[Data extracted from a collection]

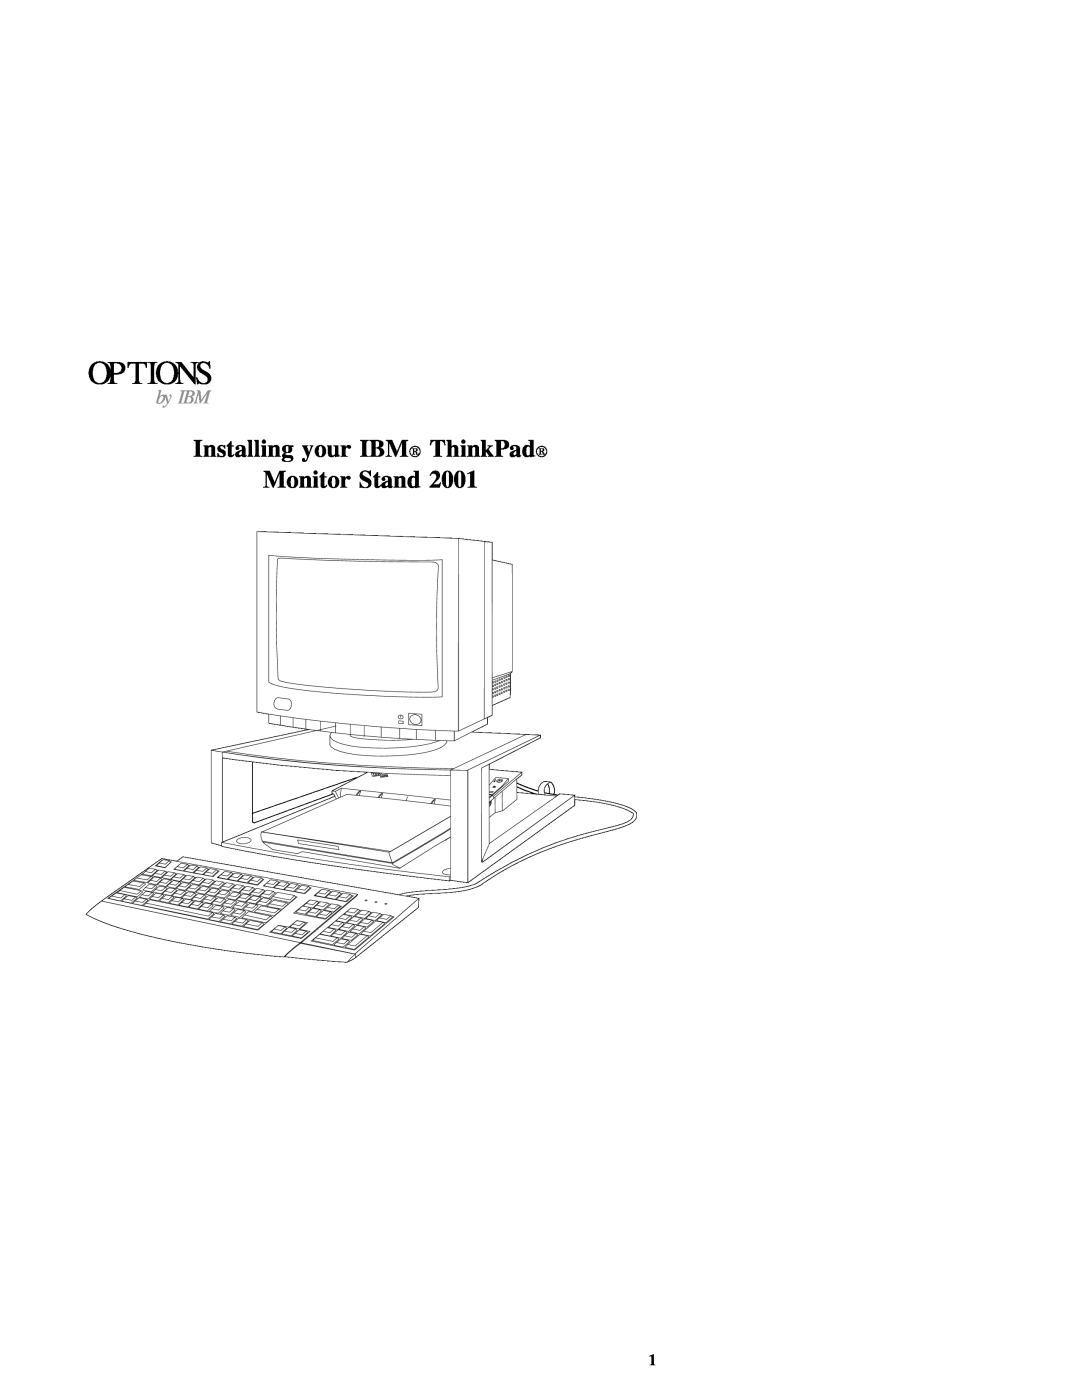 IBM E74 manual Options, Installing your IBM ThinkPad Monitor Stand, by IBM 
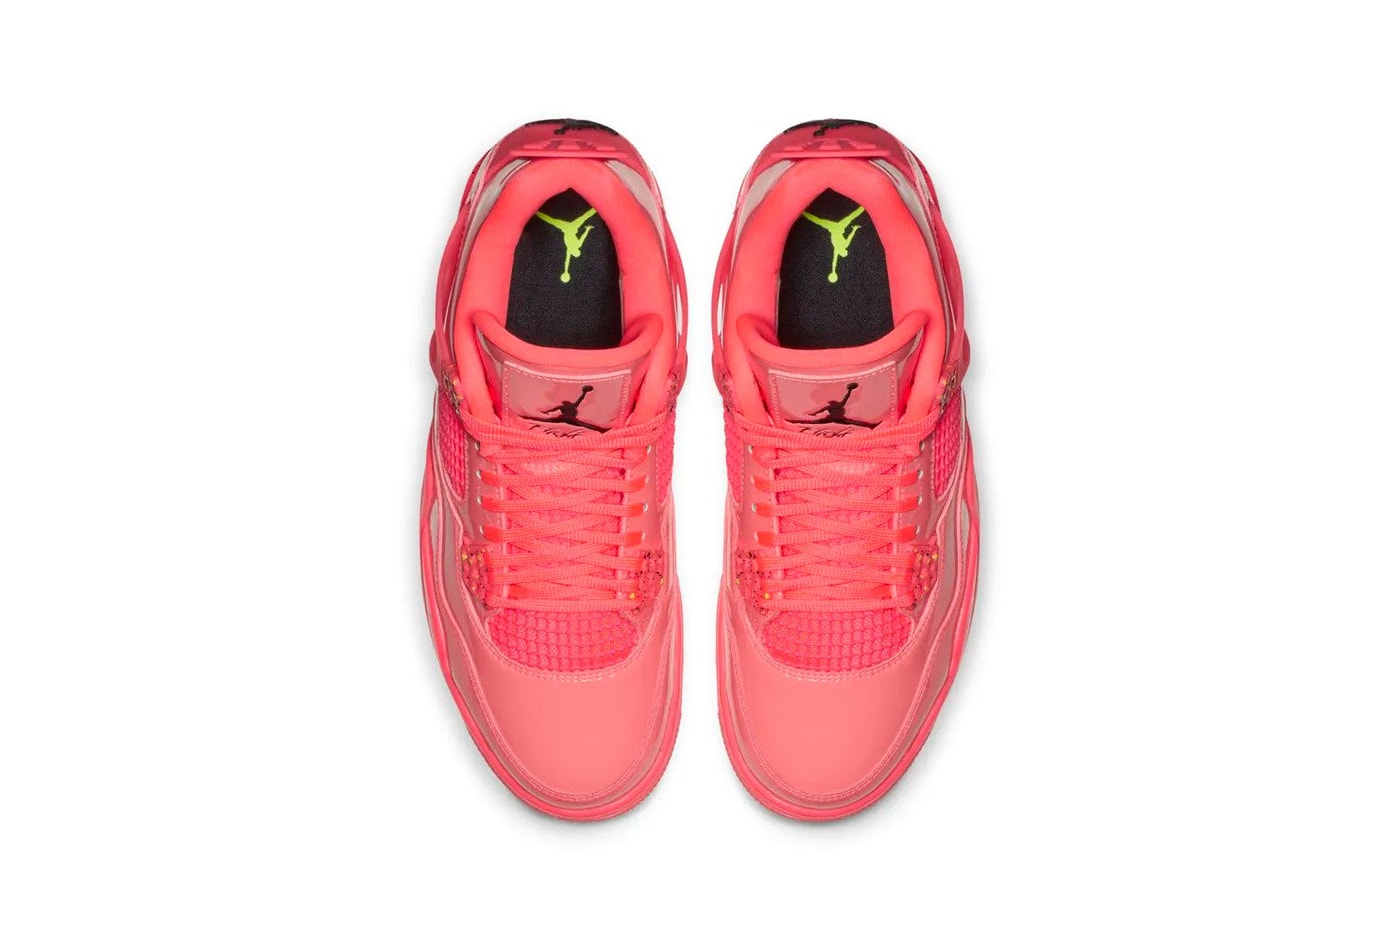 Nike Air Jordan 4 Hot Punch Pink
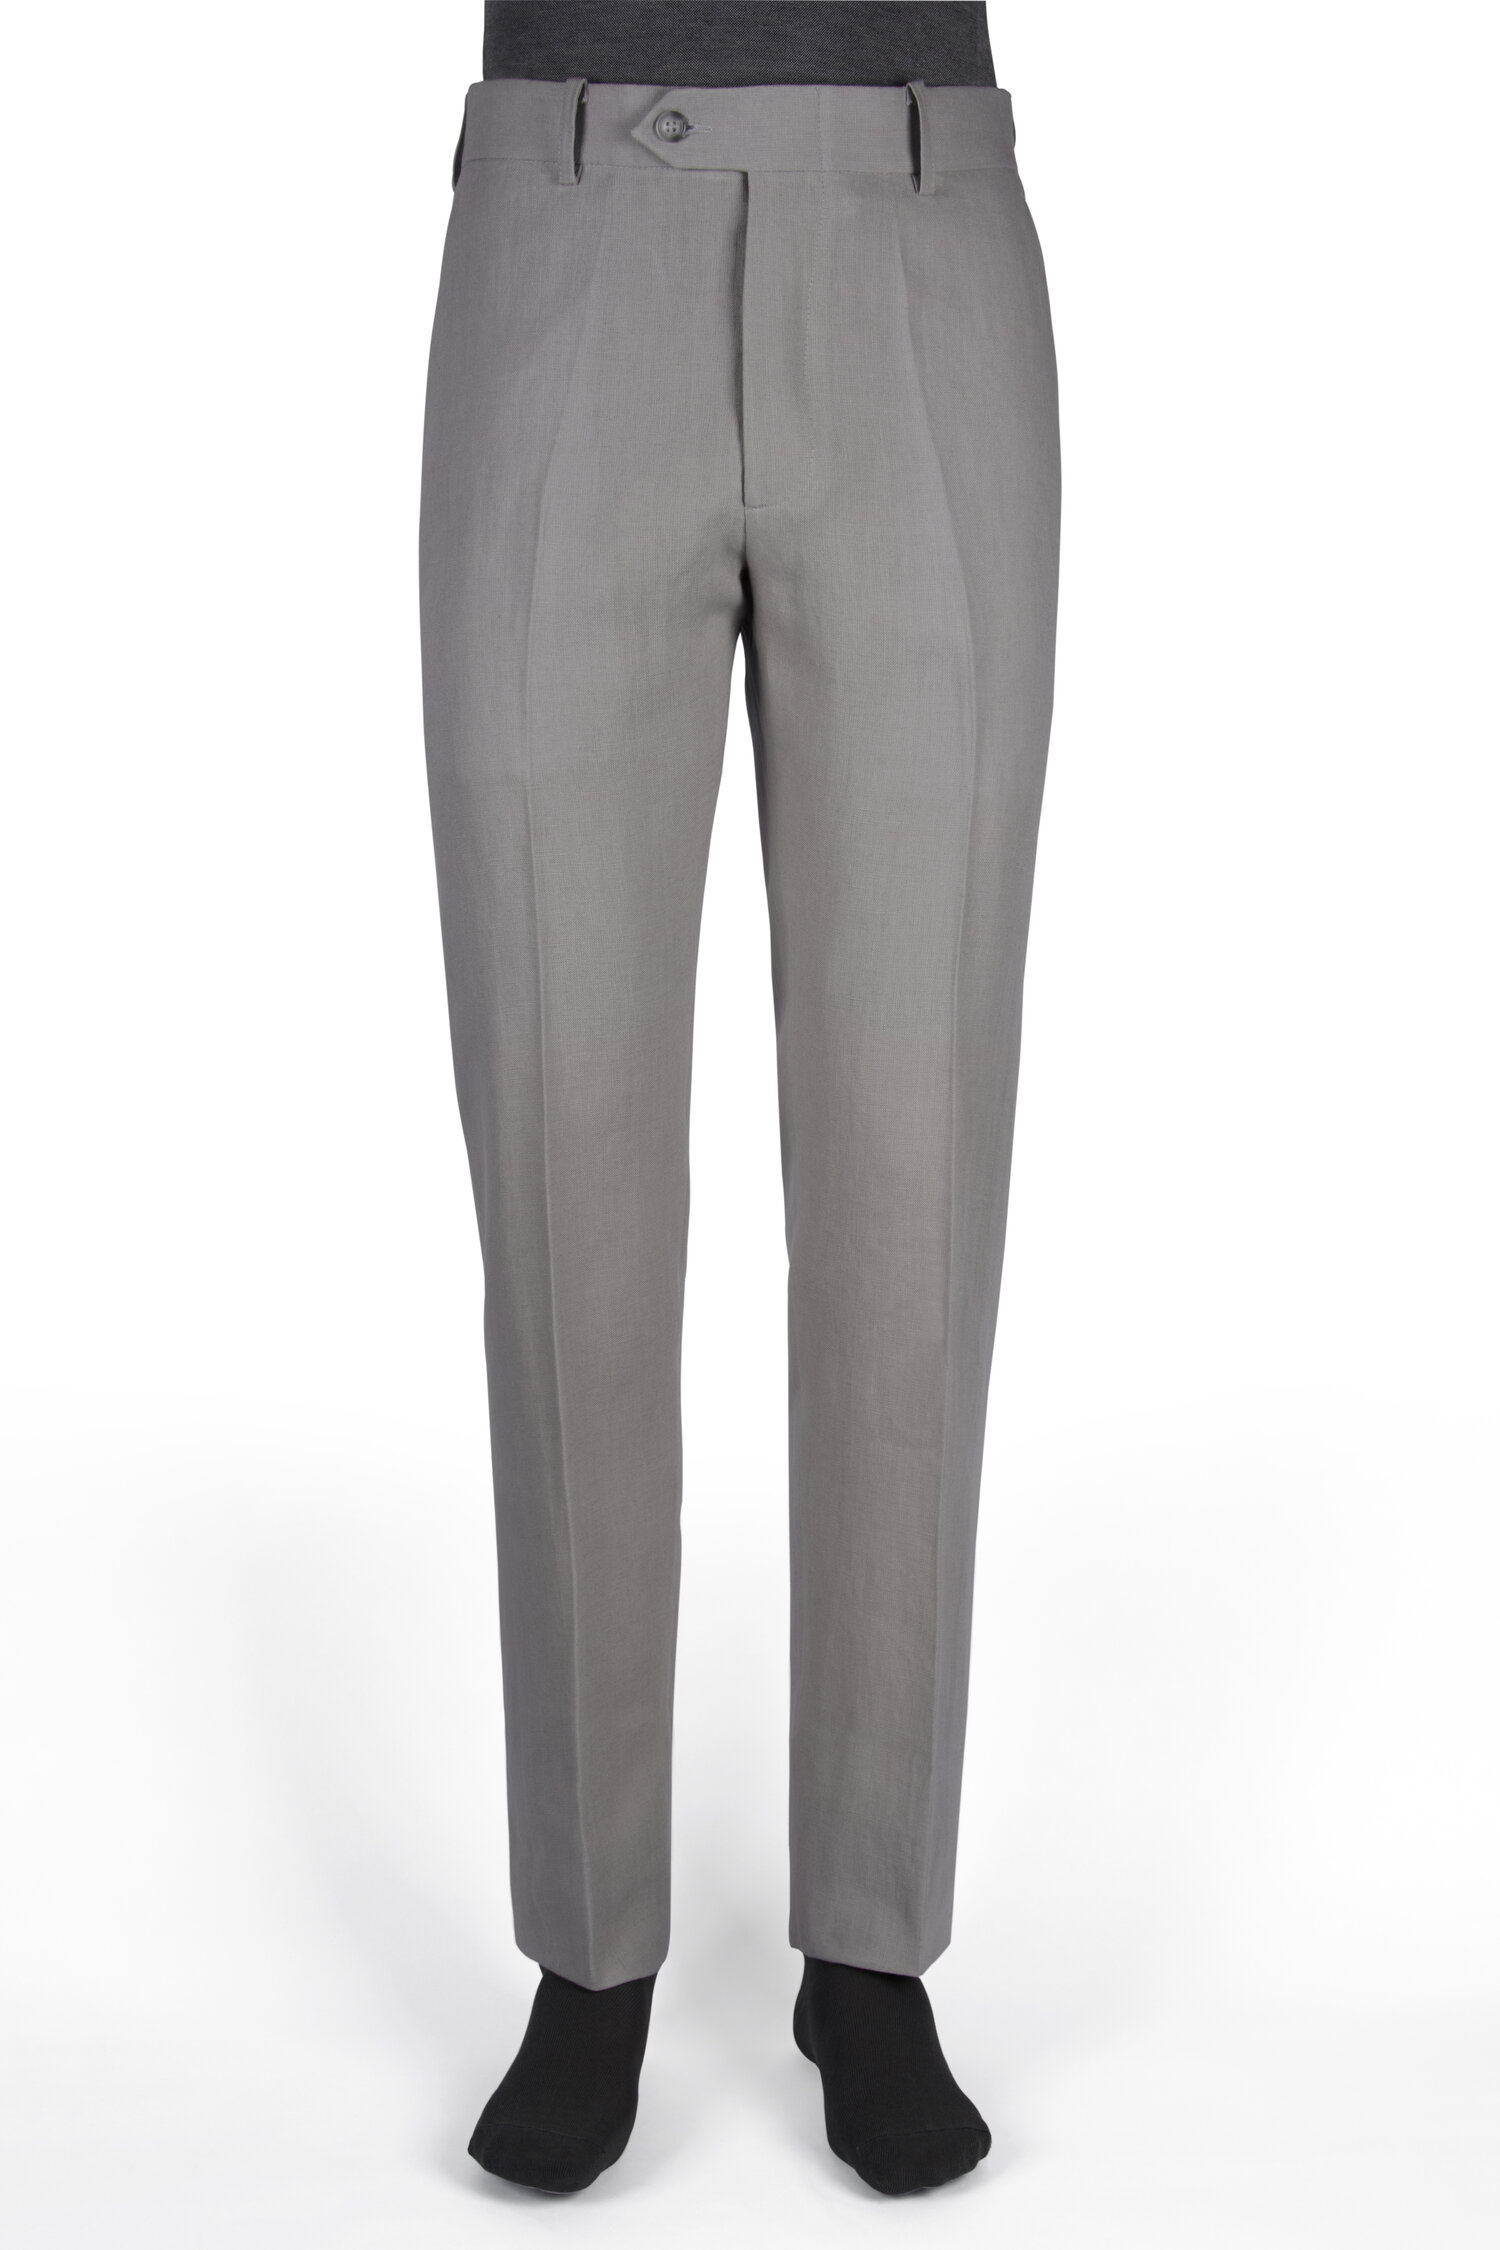 Anciano George Eliot gravedad Pantalon de vestir slim fit color gris plata — Casa del Lino
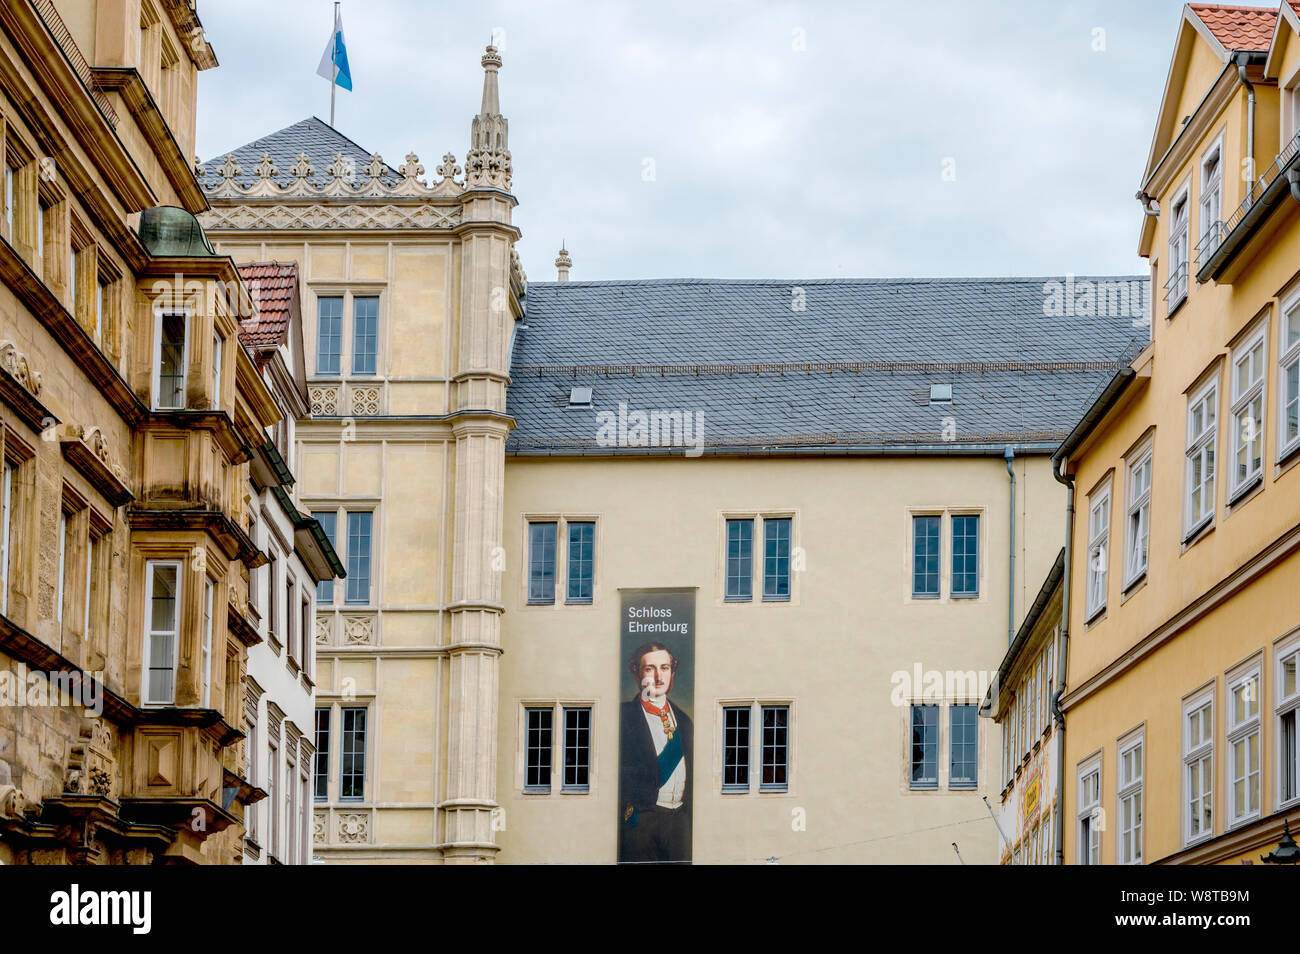 Coburg (Franken, Deutschland): Schloss Ehrenburg (Rückseite) mit Plakat zum Geburtstag von Prince Albert; Ehrenburg Palace with picture of Prince Albe Stock Photo
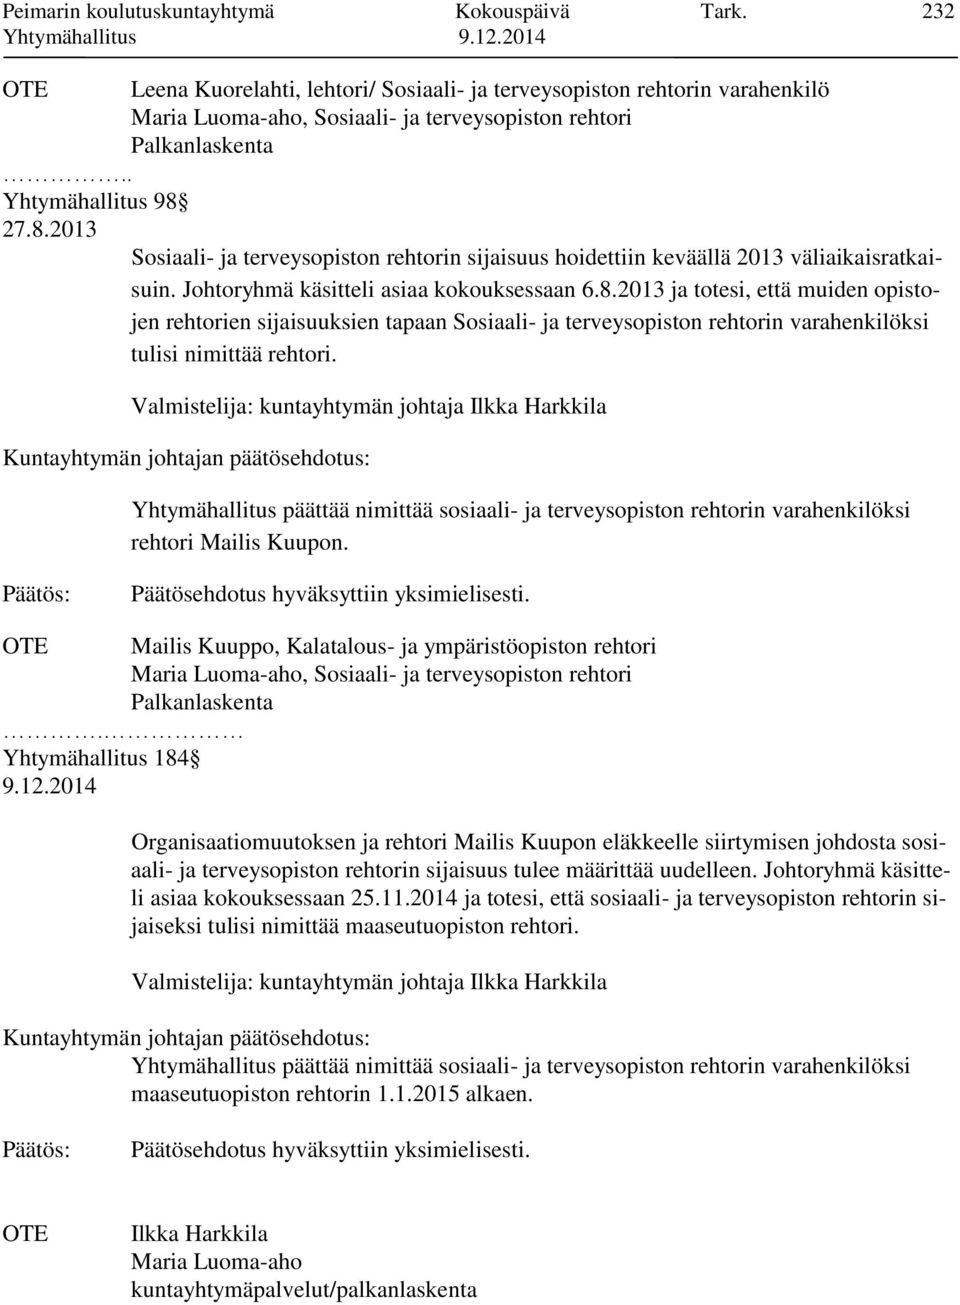 Valmistelija: kuntayhtymän johtaja Ilkka Harkkila Yhtymähallitus päättää nimittää sosiaali- ja terveysopiston rehtorin varahenkilöksi rehtori Mailis Kuupon.

__WHAT THE TASK REQUIRES__. Write out every line of the entries above exactly, and omit their pictures.

__THE ANSWER__.
 IBM E74 manual Options, Installing your IBM ThinkPad Monitor Stand, by IBM 
 Nike Air Jordan 4 Hot Punch Pink
 Anciano George Eliot gravedad Pantalon de vestir slim fit color gris plata — Casa del Lino
 Coburg (Franken, Deutschland): Schloss Ehrenburg (Rückseite) mit Plakat zum Geburtstag von Prince Albert; Ehrenburg Palace with picture of Prince Albe Stock Photo
 Valmistelija: kuntayhtymän johtaja Ilkka Harkkila Yhtymähallitus päättää nimittää sosiaali- ja terveysopiston rehtorin varahenkilöksi rehtori Mailis Kuupon.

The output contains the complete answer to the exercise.